Allowed following contact with Protocol Pharmacologist:

- Diltiazem, nifedipine, phenytoin, and warfarin.

Patients must have:

- Absolute CD4 count of 200 cells/mm3 or greater.

- HIV-1 RNA levels greater than 500 copies/ml by the Amplicor HIV-1 Monitor assay. NOTE:

- This is a requirement for those receiving study medication. [AS PER AMENDMENT
12/19/97:

- HIV-1 infection must be documented by any licensed ELISA test kit and confirmed by
either Western blot, HIV culture, HIV antigen, plasma HIV RNA, or a second antibody
test by a method other than ELISA at any time prior to entry.]

- Signed, informed consent from a parent or legal guardian for patients under 18 years
of age.

- Life expectancy of at least 24 weeks.

Exclusion Criteria

Co-existing Condition:

Patients with the following symptoms or conditions are excluded:

- Unexplained temperature of 38.5 C or higher for 7 consecutive days, or chronic
diarrhea defined as more than 3 liquid stools per day persisting for 15 days, within
30 days prior to study entry.

- Proven or suspected acute hepatitis within 30 days prior to study entry.

- Malignancy that requires systemic chemotherapy.

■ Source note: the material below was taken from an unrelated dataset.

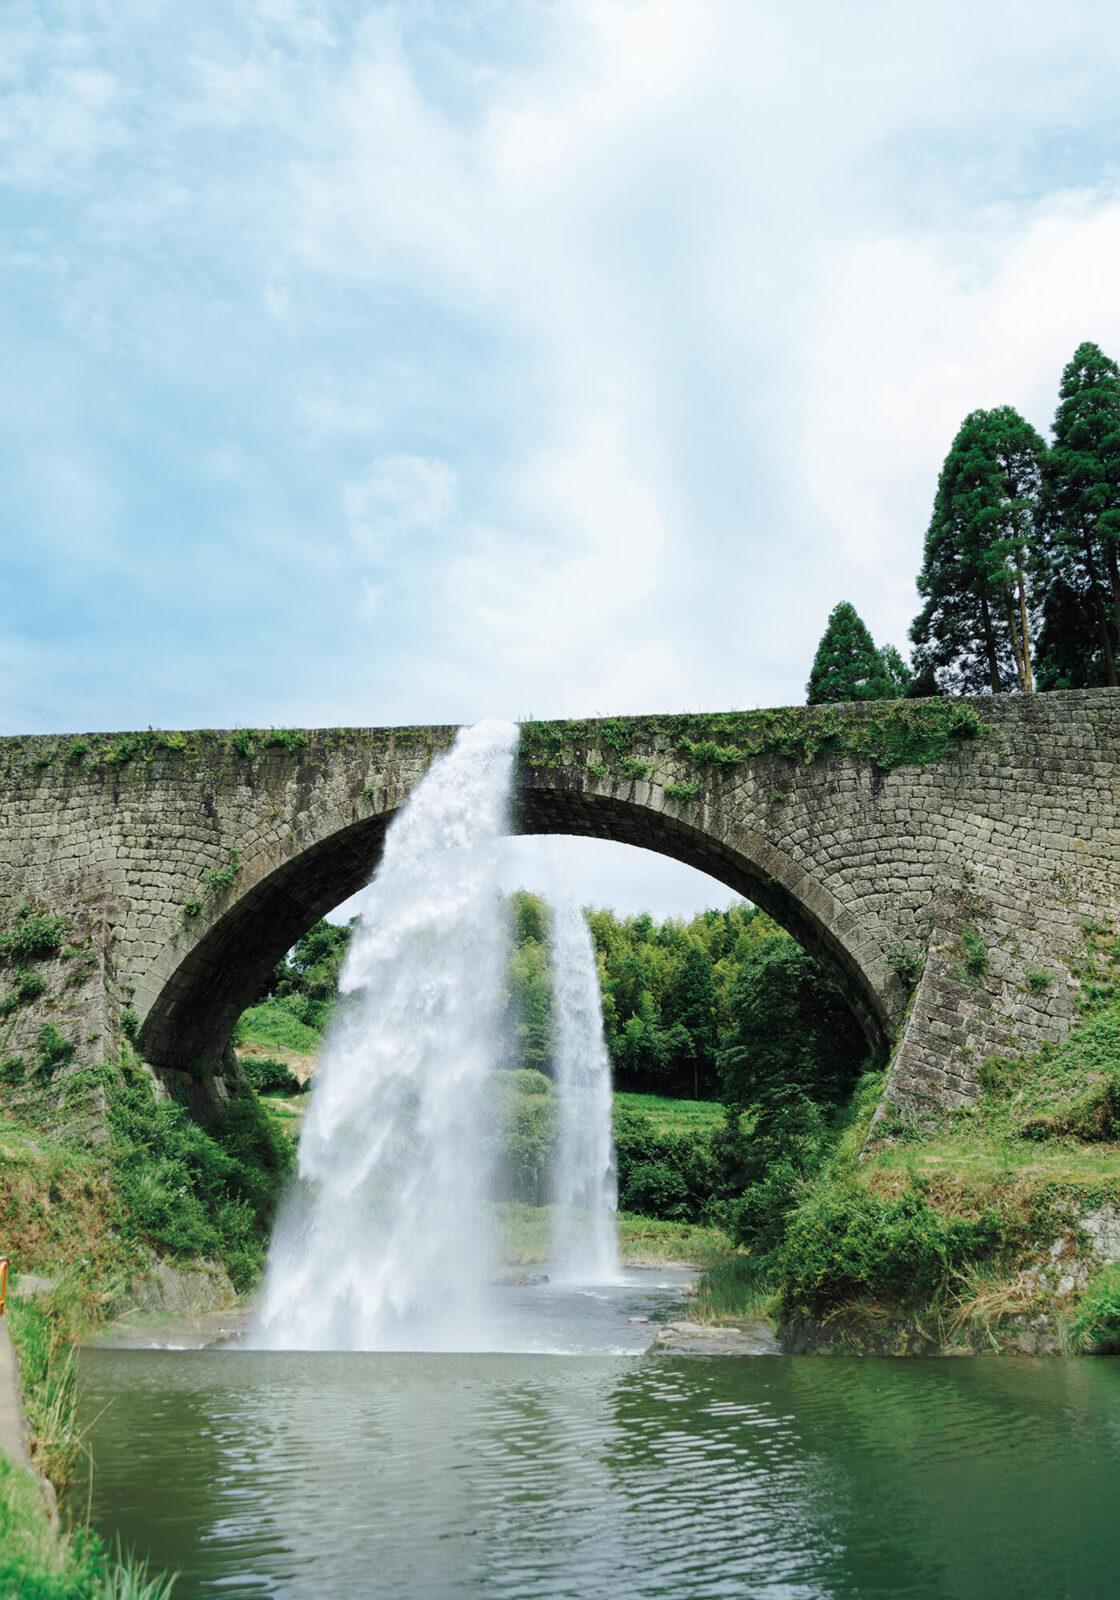 江戸末期、水不足に悩む白糸台地への配水のために造られた通潤橋。水路に詰まった土砂を吐き出すための、高さ20mから行う放水が圧巻。2016年の熊本地震により中止していたが、今年7月より待ちに待った再開となった。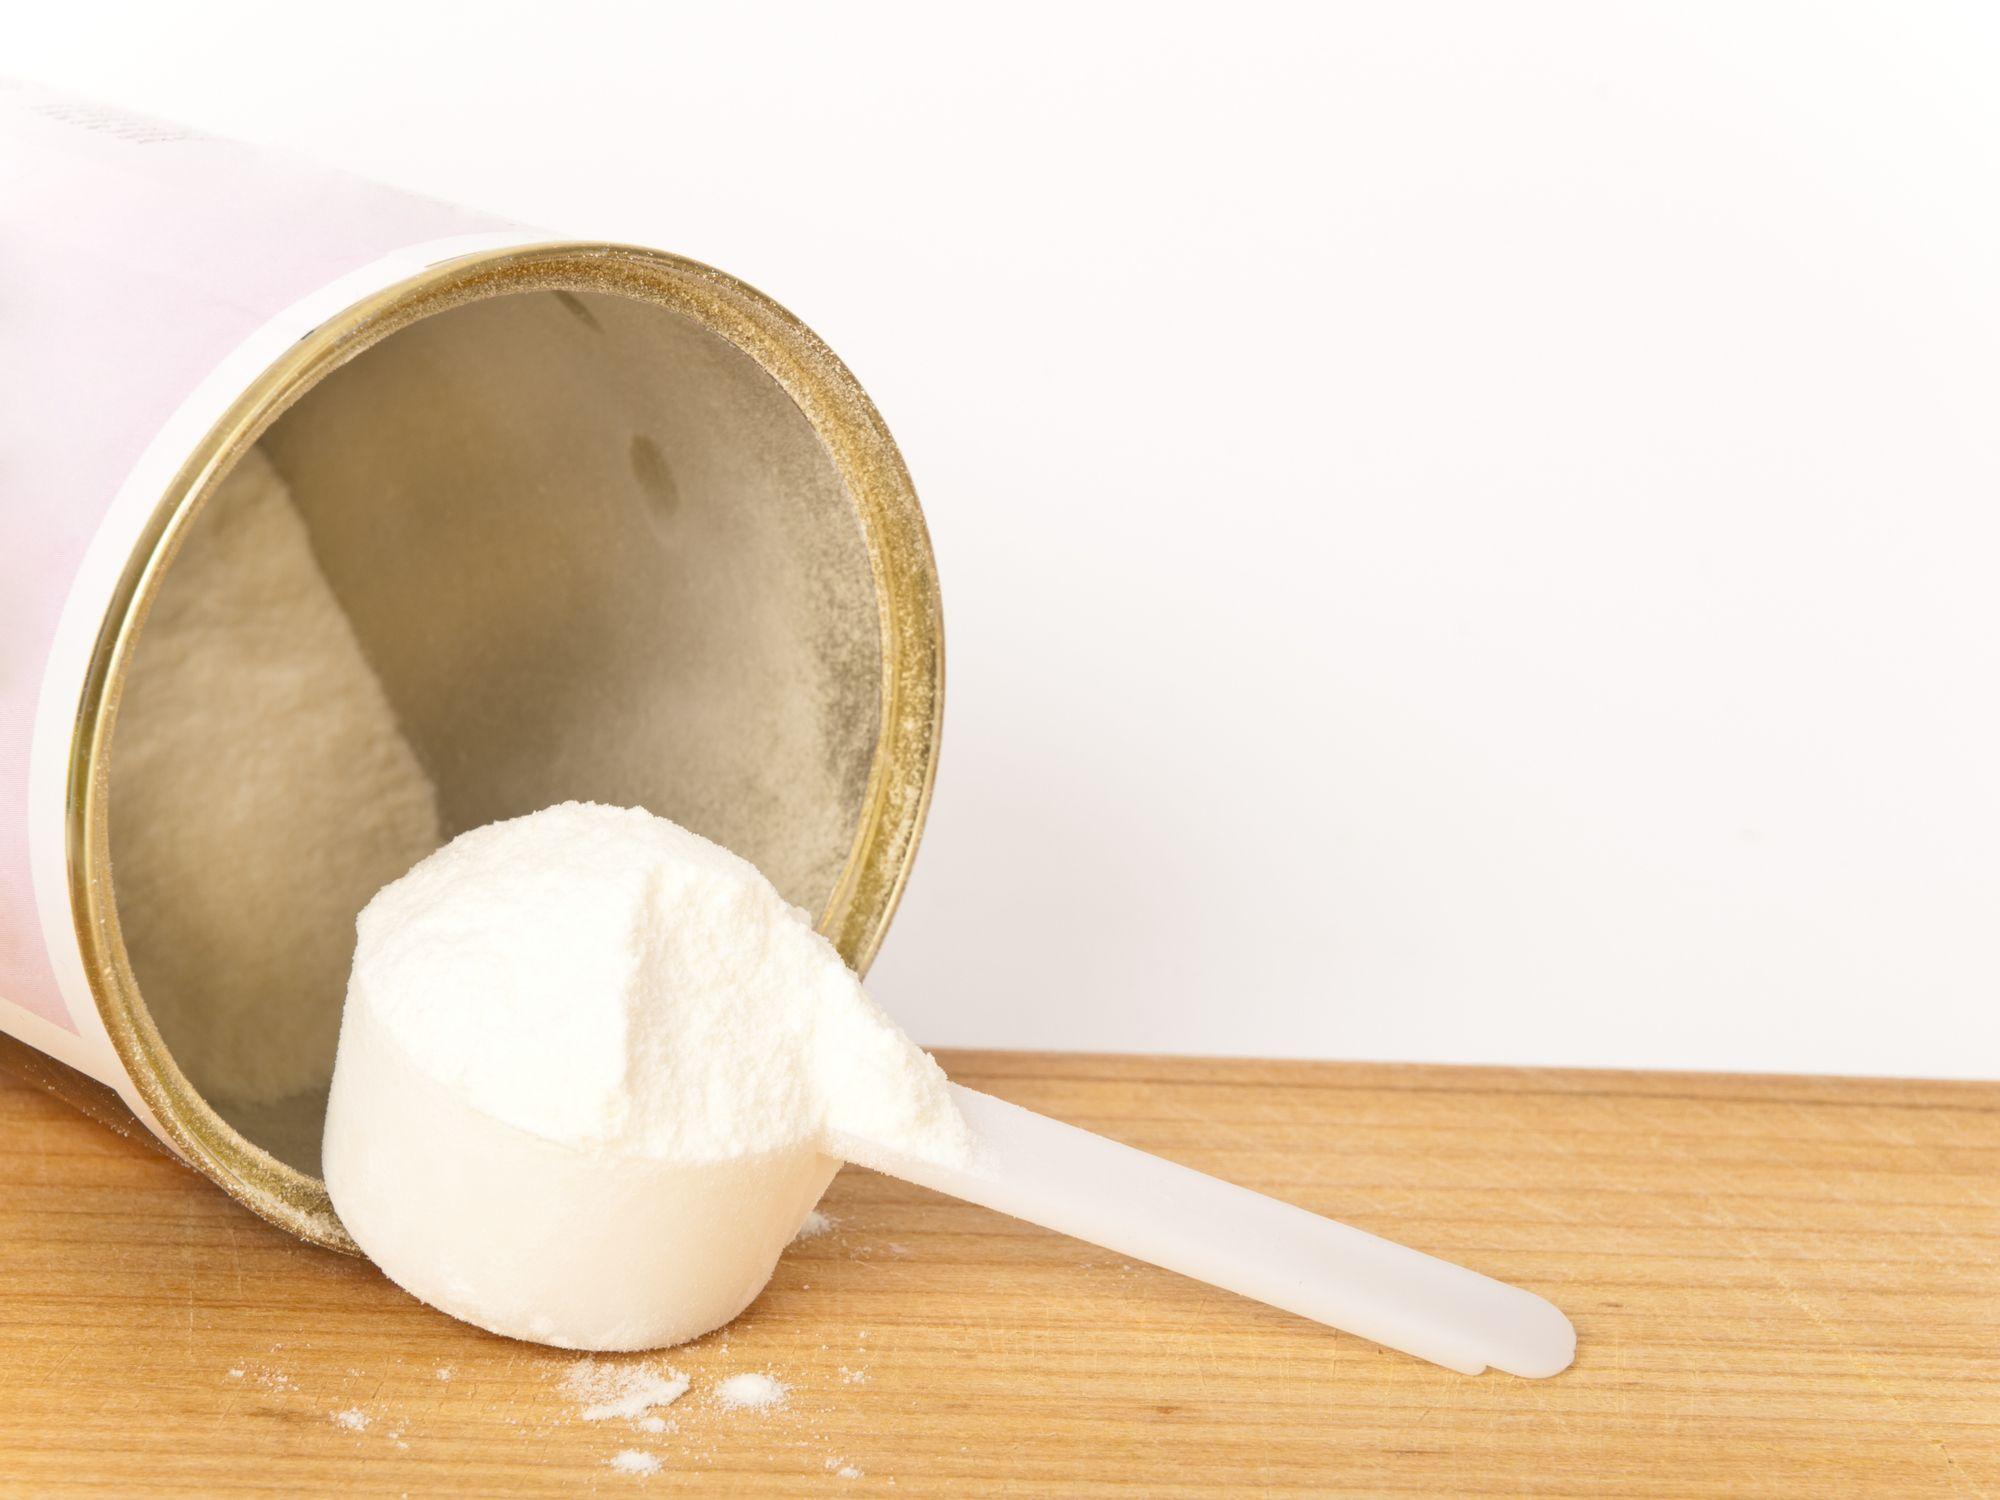 Three Main Benefits Of The Collagen Powder

NOTE:Patients with minimal Kaposi's
sarcoma (KS) fewer than 5 cutaneous lesions and no visceral disease or
tumor-associated edema) are allowed to enroll provided that they do not require
systemic therapy.

Concurrent Medication:

Excluded:

- Concurrent ZDV (for patients other than those rolling over from ACTG 306).

- Any experimental antiretroviral agents or other experimental therapies.

- Acute therapy for an infection or other medical illnesses within 14 days prior to
study entry.

- Recombinant erythropoietin (rEPO), G-CSF, or GM-CSF within 30 days prior to study
entry.

- Interferons, interleukins, or HIV vaccines within 30 days prior to study entry.

- Rifampin, rifabutin, cisapride, triazolam, midazolam, terfenadine, astemizole, or
loratadine, within 14 days prior to study entry.

Patients with the following prior conditions are excluded:

- History of acute or chronic pancreatitis.

- History of Grade 2 or higher bilateral peripheral neuropathy. [AS PER AMENDMENT
12/19/97: Patients with Grade 2 or 3 peripheral neuropathy due to current use of
ddI/3TC or d4T/3TC and who have a screening viral load above 500 copies/ml are
eligible as they will be randomized to a regimen that does not contain an agent
associated with peripheral neuropathy toxicity.]

Prior Medication:

Excluded:

- Prior NNRTI or protease inhibitor therapy.

- Prior ZDV (for patients other than those rolling over from ACTG 306).

- Previous induction or maintenance therapy with foscarnet.